SK hynixのM15Xは既に稼働しているが、今回のNVIDIA契約を踏まえればAIプラットフォーム向けHBMおよび高容量RDIMMの生産が優先される可能性が高い。龍仁の新ファブが量産体制に入るのも2030年前後であり、情シスの汎用DRAM調達計画は、少なくとも2027年末までの18カ月間は現在の逼迫した供給環境が継続する前提で設計すべきである。

情シスが検討すべき3つのポイント

  • 調達ポートフォリオのサプライヤー比率を再設計する:SK hynixのAI専用化進行を受け、汎用DDR5 RDIMM・SO-DIMMの調達においてSamsungおよびMicron経由の比率を引き上げ、台湾系サプライヤー(Nanya等のDDR4・DDR3成熟ノード製品)も含めた3層構造を構築する。MOQなし最短10日納品に対応するRAMEXperts™️のような専門パートナーの活用も選択肢に含める。
  • 2027年Q2までの調達計画を今期中に確定する:リードタイムが30〜58週超で推移する環境では、2027年上期分の需要を2026年Q3中に発注確定させなければ納期リスクが顕在化する。NCNR(Non-Cancellable, Non-Returnable)契約も視野に入れ、ベースライン需要分の供給を先行確保する。
  • IT以外の資産更改計画(社用車・ネットワーク機器)にもDRAMコスト影響を織り込む:ADAS搭載車両の納期遅延リスク、Ciscoなどネットワーク機器の単価上昇を2026年度下期の予算に反映し、IT調達と車両・設備調達の横断的なコスト管理体制を整備する。

よくある質問

Q: NVIDIAとSK hynixのパートナーシップは汎用PC向けDDR5の価格に直接影響するのか?

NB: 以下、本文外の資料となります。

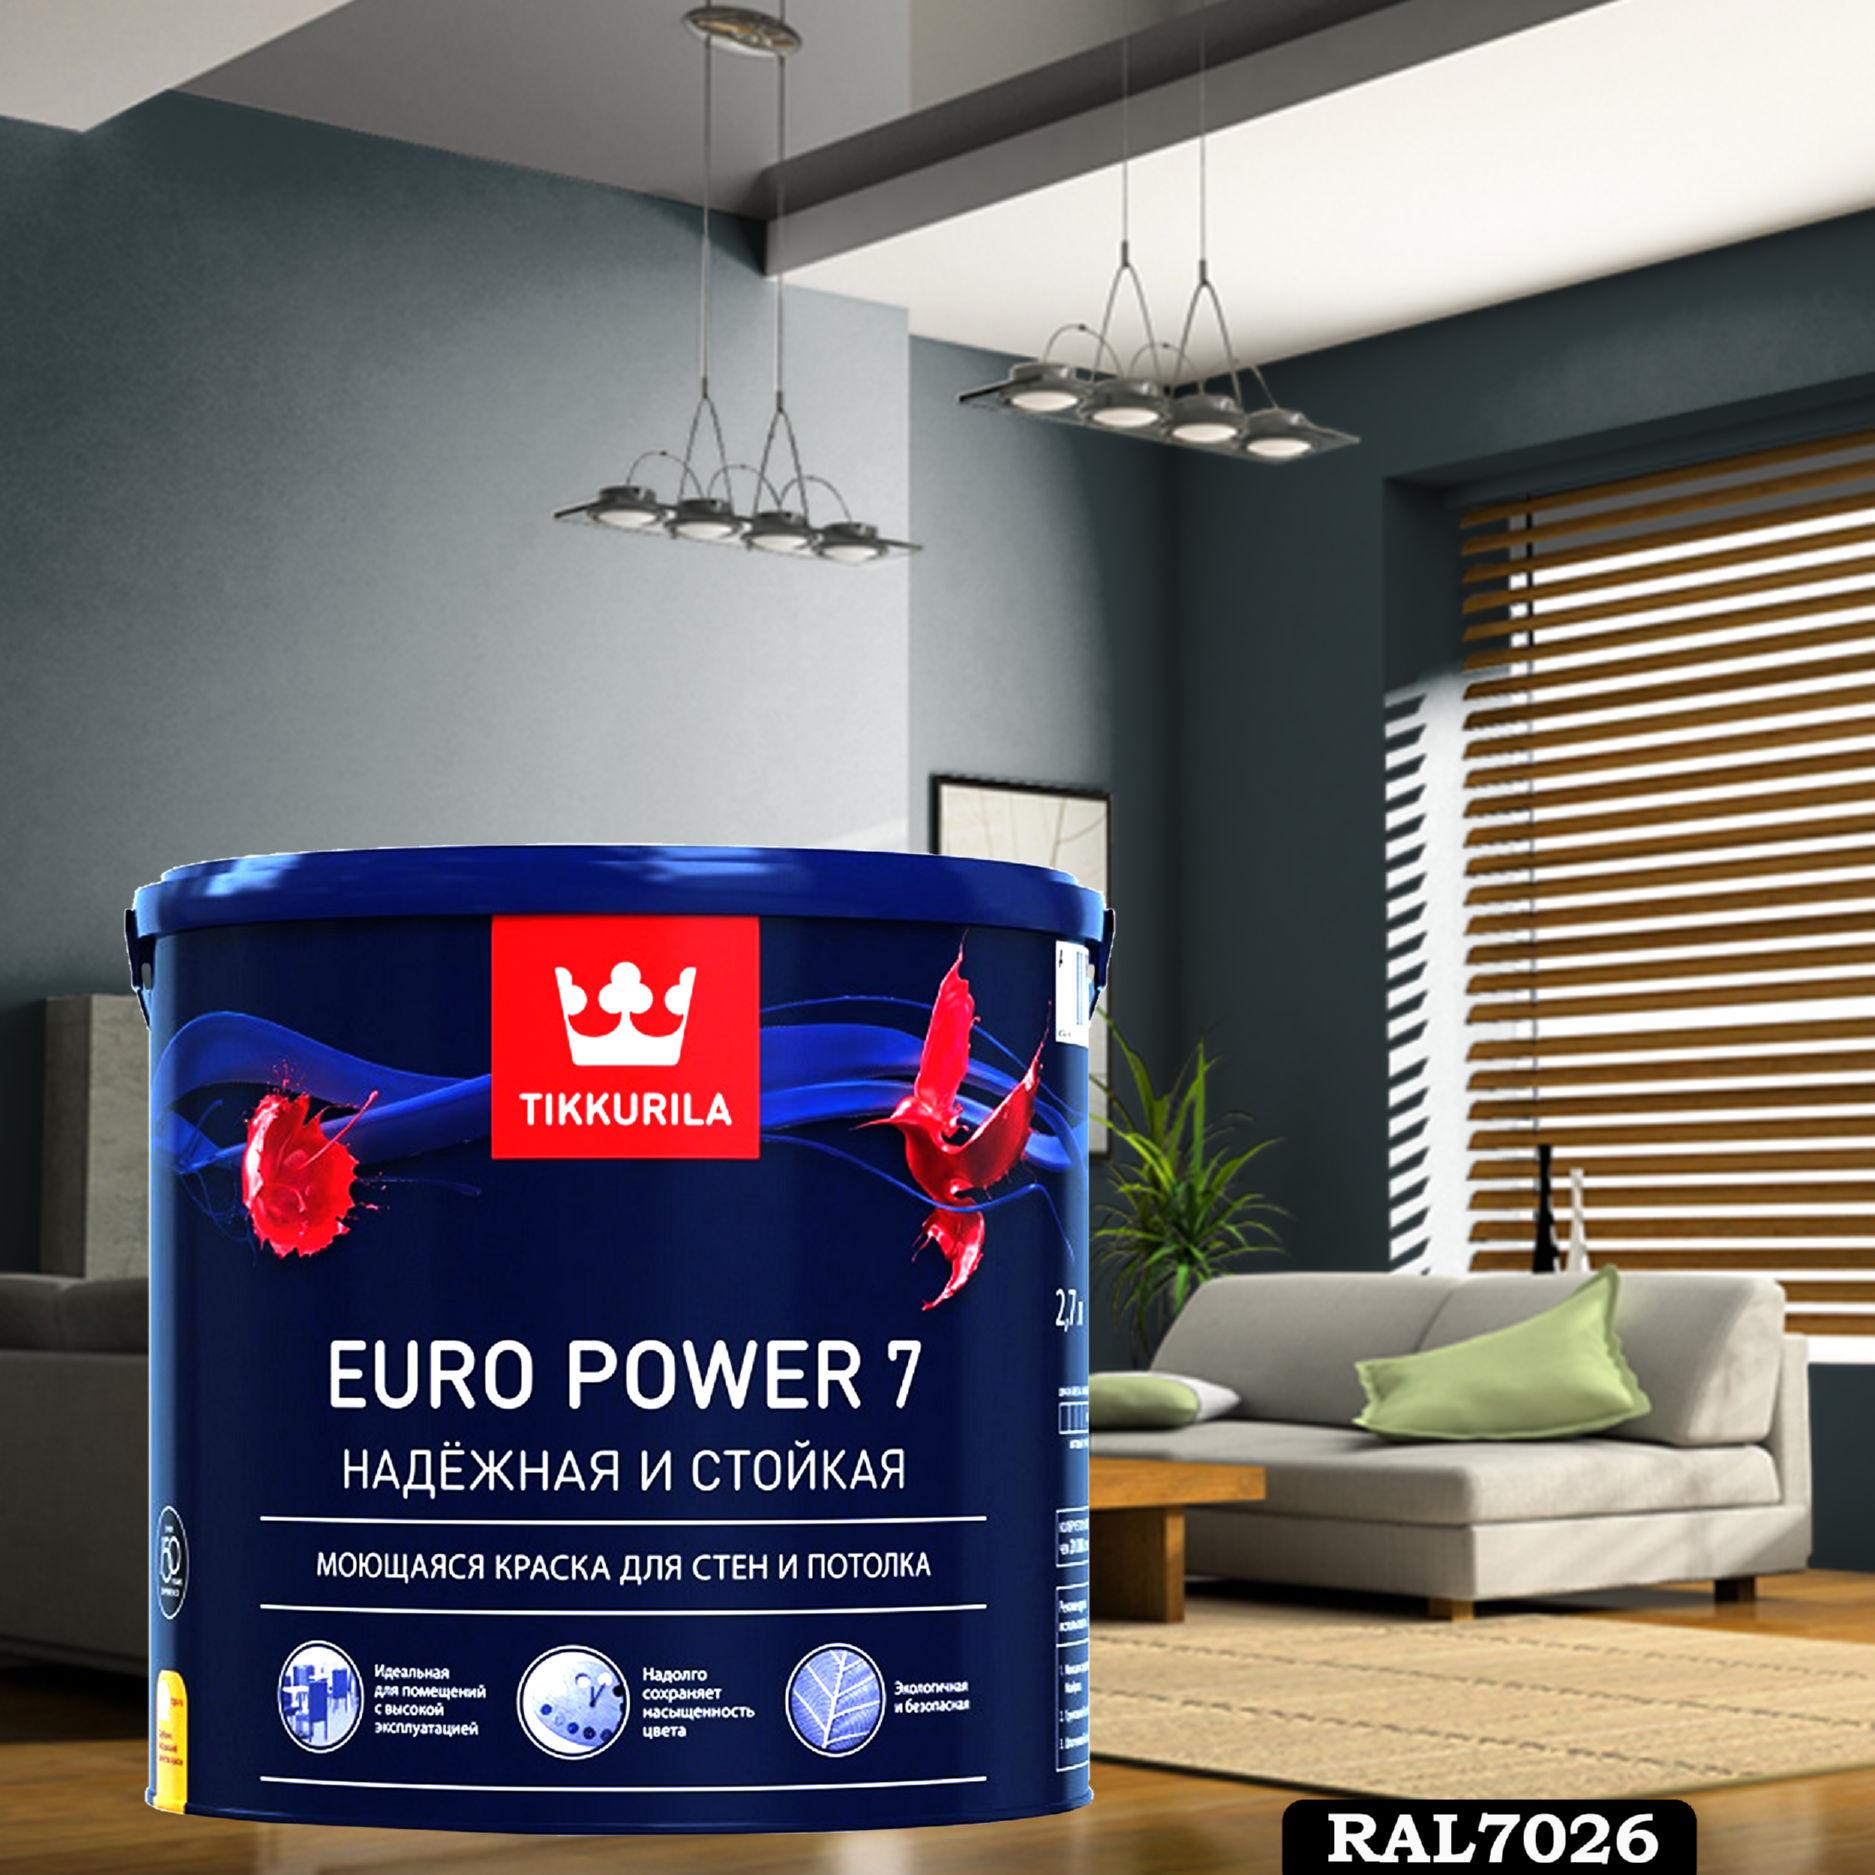 Фото 20 - Краска TIKKURILA Euro Power 7,  RAL 7026 Серый-гранит, латексная моющаяся матовая интерьерная, 9 л.

A: 本契約自体がDDR5の消費者価格を直接決定するわけではないが、SK hynixの生産能力のうちAIプラットフォーム向けに優先配分される割合が増加するため、汎用DDR5の供給量がさらに制約される構造を強化する。Tom's Hardwareの分析では、AI需要がHBMを優先し汎用DRAM供給を圧迫する既存のダイナミクスを本契約が強化すると評価されている。2026年6月時点で、DDR5メモリキットの小売価格は年初比で大幅に上昇している状況であり、この構造的圧力は少なくとも2027年末まで継続する見通しである。

Q: SK hynix以外からの調達に切り替えればリスクは回避できるのか?

A: Samsung・Micronへの切り替えはリスク分散にはなるが、完全な回避策ではない。Samsungも2026年Q1にサーバーDRAM売上構成比で業界首位を記録するなどAI向け出荷を拡大しており、Micronはコンシューマー市場から撤退してエンタープライズ・AI顧客に集中している。3社ともAI優先の配分構造は共通しており、サプライヤー分散に加えて長期契約による数量確保が不可欠である。台湾のNanyaやWinbondはDDR4・DDR3の成熟ノード製品で補完的な役割を果たすが、最先端DDR5を大量調達する場合はBig3依存が避けられない。

Q: DRAM不足はいつ解消される見通しか?

A: SK hynix会長のChey Tae-wonは2026年6月のComputex 2026(台北)で「2030年まで続く可能性がある」と発言しており、Supplyframeの業界専門家分析でも2030年まで不足が継続する可能性が指摘されている。新ファブの建設から量産稼働まで3〜5年を要するため、2027年にSK hynixの龍仁ファブ装置搬入やMicronの新拠点が部分稼働しても、AI需要の伸びが生産増を上回る構造が続く限り、汎用DRAMの供給緩和は限定的にとどまる。情シスの予算・調達計画は「正常化を待つ」戦略ではなく「制約下で最適化する」設計に切り替えるべきである。